B.1.4 The along-wind response of buildings and structures is caused by resonance between the
atmospheric wind turbulence and their structural vibrations. The relevant analytical methods are typically referred to as Gust Factor or Gust Energy methods.

B.1.5 The across-wind excitations are due to shedding of vortices into the wake behind the
structure, which tends to develop into periodic lateral forces. Although vortex shedding is most noticeable for circular cylinders, it can also develop behind cylinders of other geometries. The frequency of vortex shedding is governed by a dimensionless parameter referred to as Strouhal number.

B.2 Design in accordance to EN 1991-1-4.6


B.2.1 Buildings and structures falling outside the specifications of Clause 1.2 can be designed in
accordance to EN 1991-1-4.6.

B.2.2 In such a design process, the climatic information relevant to South Africa has to be used in
combination with the procedures specified in EN 1991-1.4.6.

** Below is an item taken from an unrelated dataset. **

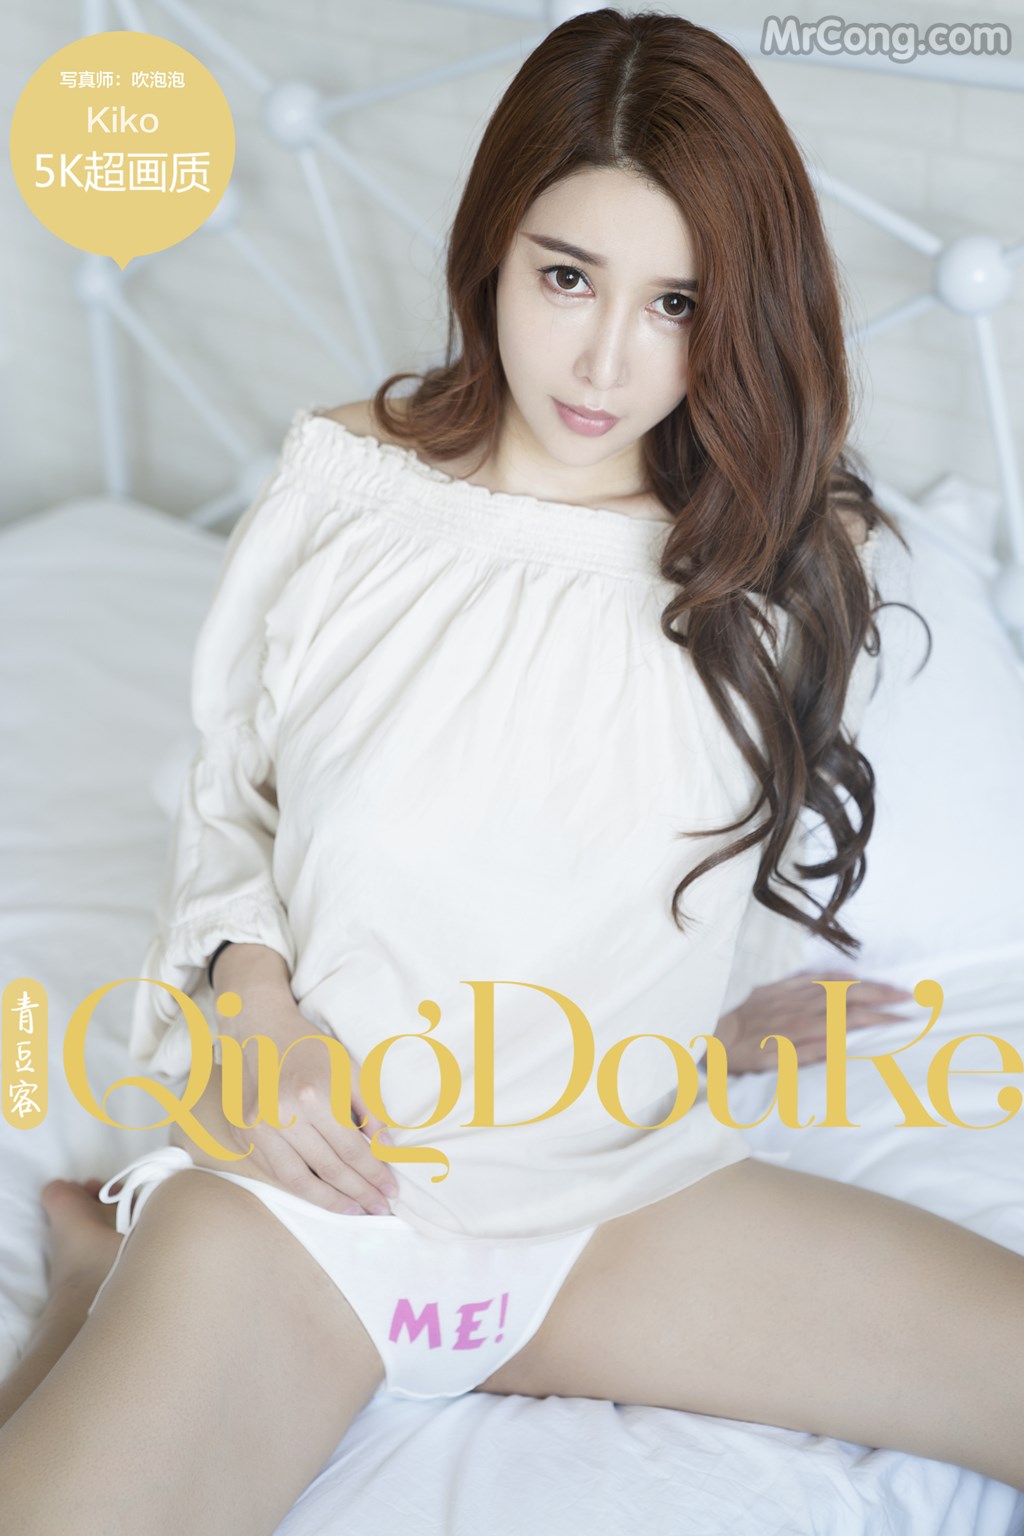 QingDouKe 2017-05-29: Model Kiko (52 photos)
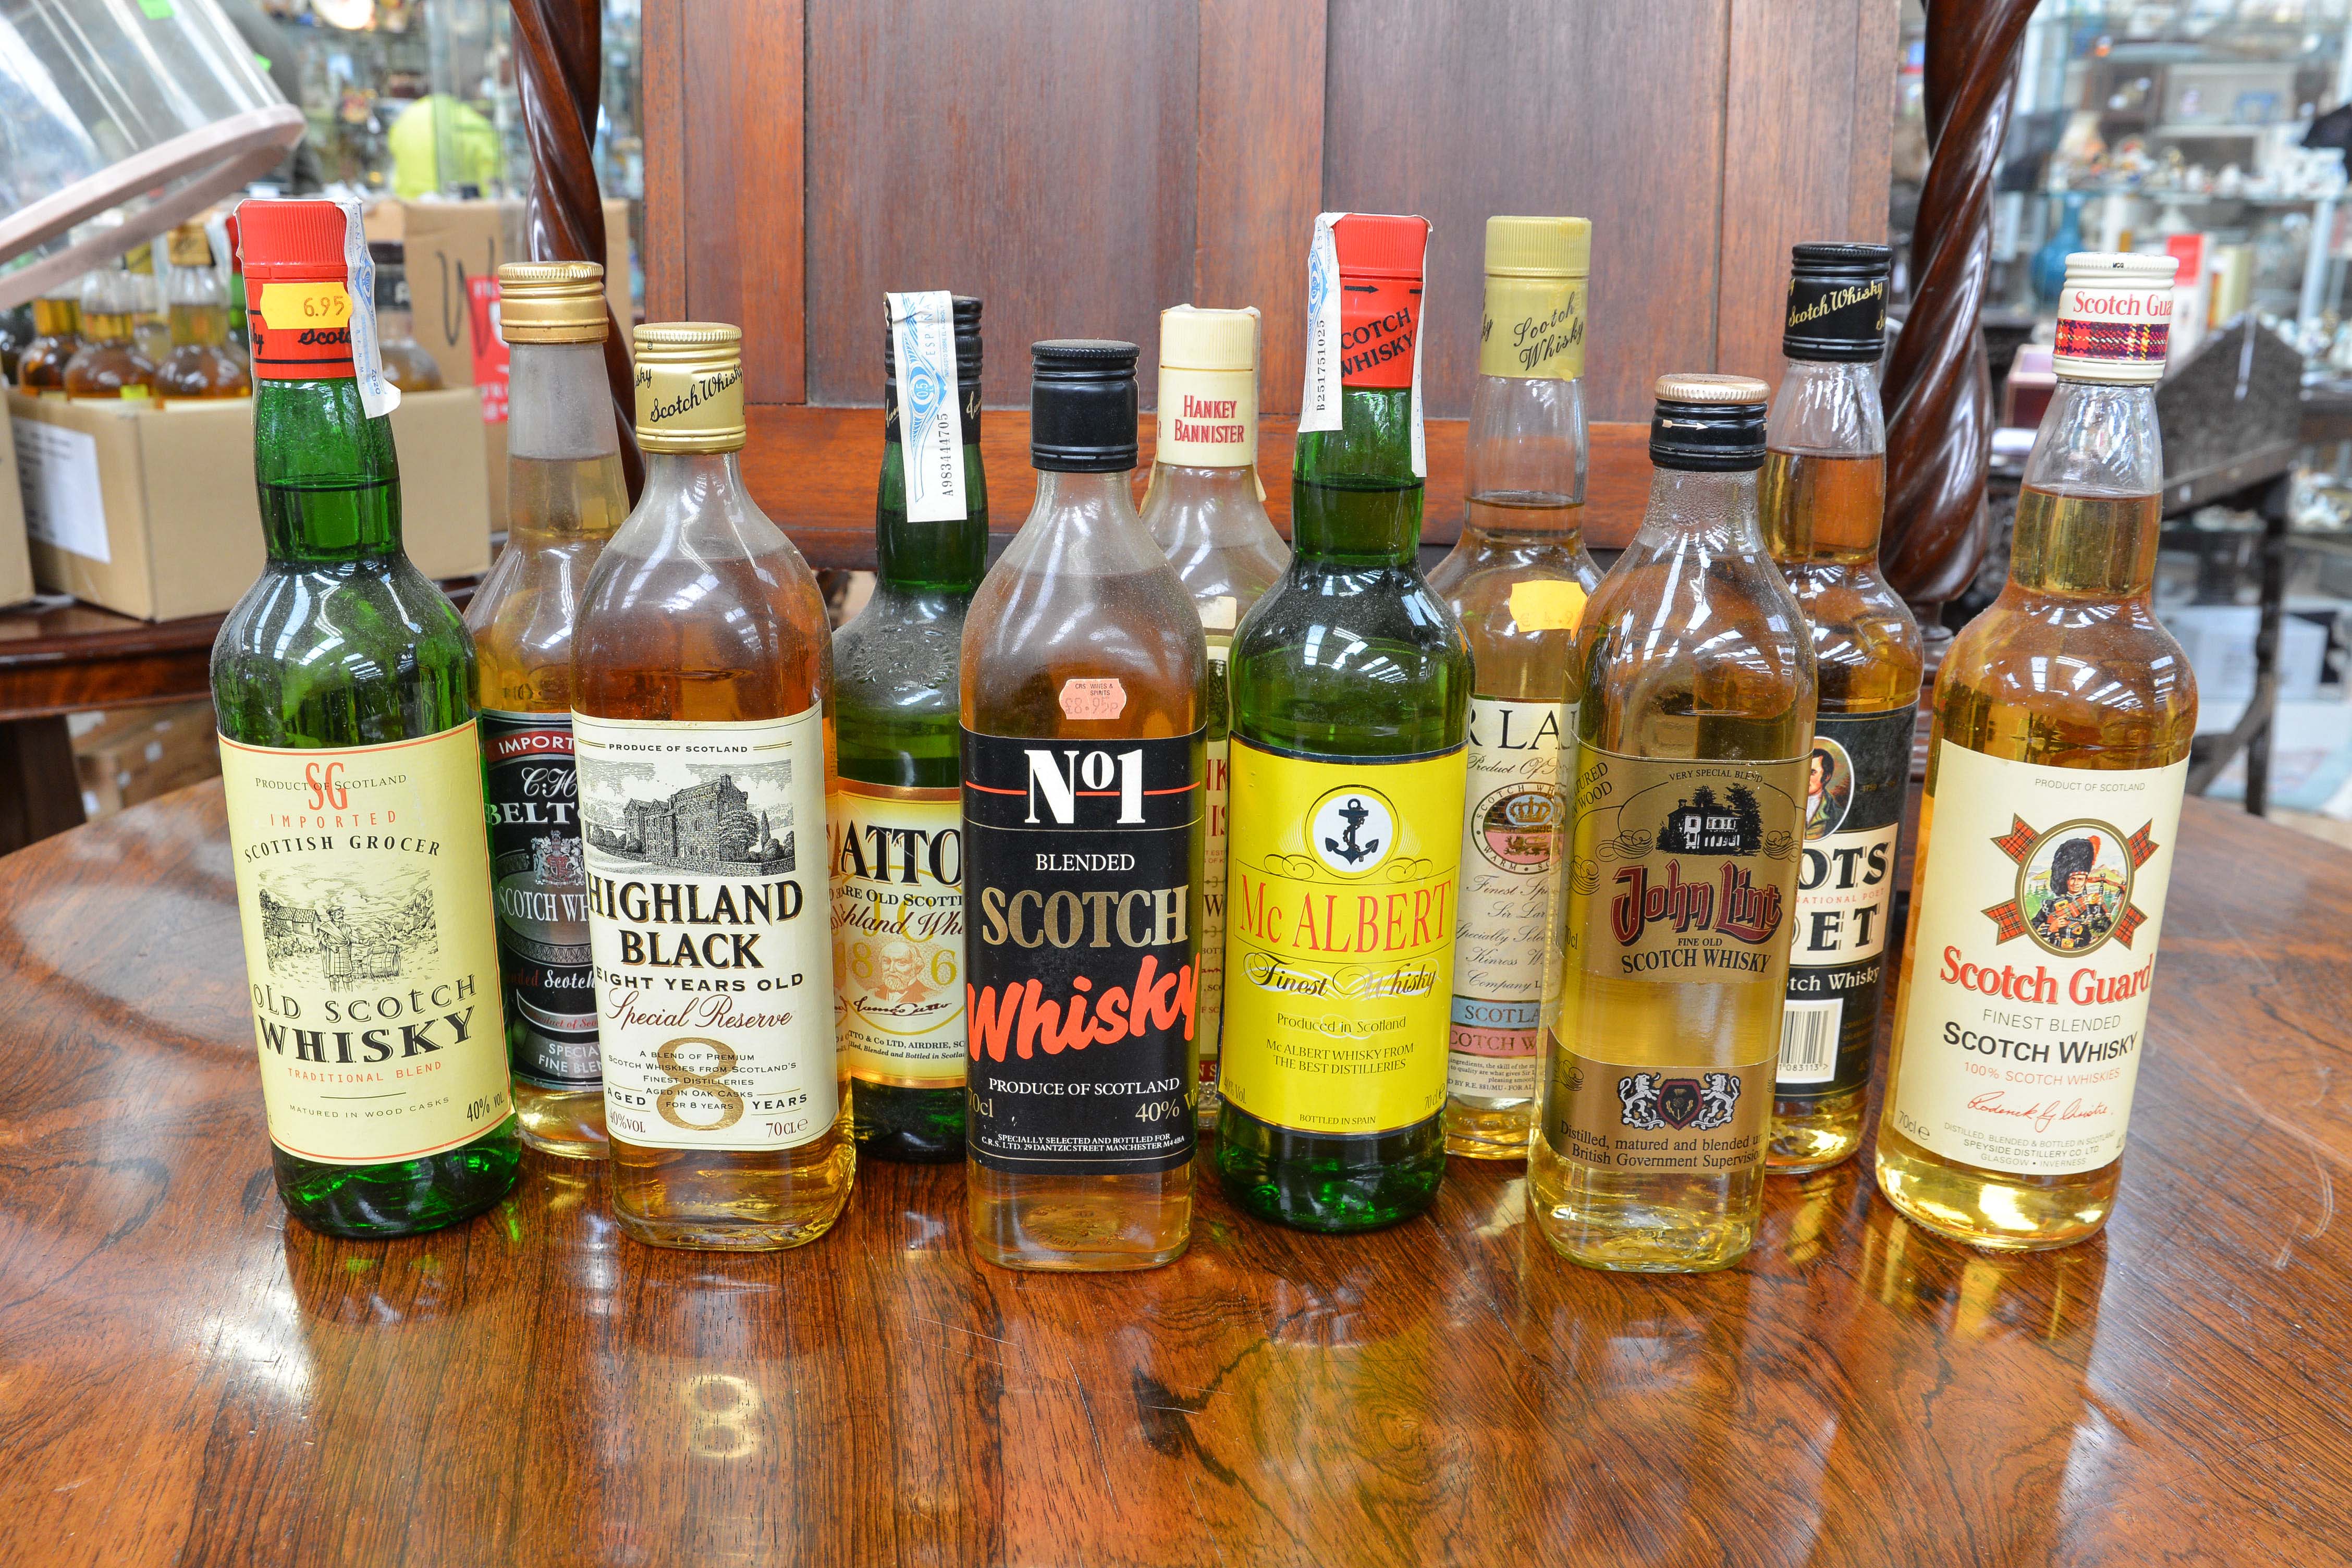 Whisky including Belton, Cattos, No.

B.2.3 In this process the complexity of the South African wind climate regarding the dominance of
frontal winds in coastal areas and southern portion of the country and intense thunderstorms in northern inland need to be taken into account.

76

Annex C
(informative)

Wind tunnel as a design tool


C.1 Recommendations
Wind-tunnel tests are recommended for building and structures: a) of unusual geometric form, not covered in the code of practice b) of unusual dynamic response characteristics, c) placed in a terrain / environment with significant up-wind obstructions influencing the wind flow, and d) having severe consequence of failure.
NOTE: Large buildings and structures, especially those placed within the built-up environment, are also known to produce profound negative effects on the pedestrian level wind environment within their vicinity. Wind-tunnel environmental impact studies can be undertaken prior to the construction of such developments in order to identify the possible problematic areas and investigate the optimal ways of reducing the negative effects and risks.
Formatted: Bullets and Numbering

C.2 Minimum wind-tunnel testing requirements


C.2.1 Tests for the determination of mean and fluctuating forces and pressures shall be considered
to be properly conducted, only if all the following conditions are satisfied: a) the natural atmospheric boundary-layer has been modelled to account for the variation of wind speed with height, b) the atmospheric intensity of turbulence and its length scales of longitudinal component are modelled to approximately the same scale as that used to model the buildings and other structures, c) the modelled structure, surrounding structures and dominant topography are geometrically similar to the full-scale situation, d) due considerations are given to the effects of blockage and the response characteristics of the wind-tunnel instrumentation, e) for curved surfaces, due consideration is given to the effects of Reynolds numbers.

C.2.2 Tests for determining the dynamic response of structure may be considered properly
conducted only if the above listed requirements are met and if, in addition, the model is scaled with due regard to mass, length, stiffness and damping.